Her grandmother was seasick for an entire month. During the thirty-plus days it took for the ship she was on to dodge other ships making war, she never left her bunk down in steerage. It was a miserable trip for her, and if it hadn’t been for her family members at the other end of the journey – well, she was a strong spirit as it was, but that kept her going. She was not alone, but she might as well have been. When you’re seasick, all you want is to be left alone.

When she disembarked at Ellis Island, she was gaunt and weak and pale. It was such a relief to finally be off that boat, but it took days to get physical relief from the feeling that she was still rocking on a boat. They took her picture there at Ellis Island, and whenever her oldest granddaughter looked at it years later, she always remembered what she’d been told about that difficult passage. It told her so much about the possibilities for an abundant life her grandmother desired so strongly that she was willing to make that trip and leave everyone and everything familiar behind. And the gratitude and admiration welled up in her every single time.

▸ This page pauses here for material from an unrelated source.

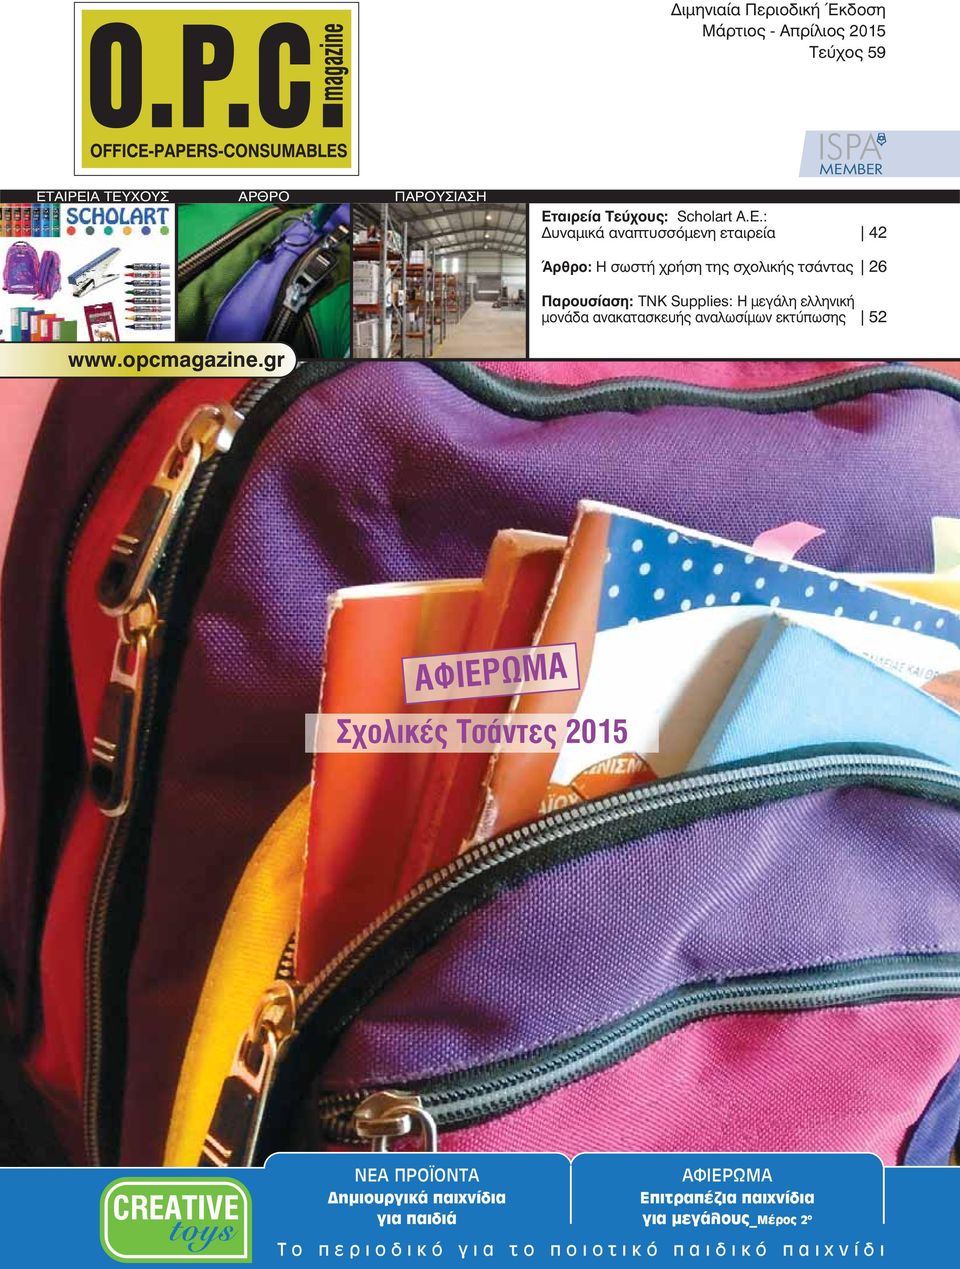 : Δυναμικά αναπτυσσόμενη εταιρεία 42 Άρθρο: Η σωστή χρήση της σχολικής τσάντας 26 Παρουσίαση: ΤΝΚ Supplies: Η μεγάλη

This was the grandmother who shaped her life so powerfully. The one who made her feel for the rest of her life, “if she loved me, I must be good.” The deep spiritual connection was unique in her life and unforgettable. She had learned recently that in fact, she had been named for this grandmother, and her paternal grandmother as well, with Americanized versions of their names. It was a sweet shock to find this out when her mother handed her the baby books with entries from her birth, infancy, babyhood. And the fact of her naming stayed at the forefront of her mind for a very long time afterwards, and she wondered why she didn’t know this sooner.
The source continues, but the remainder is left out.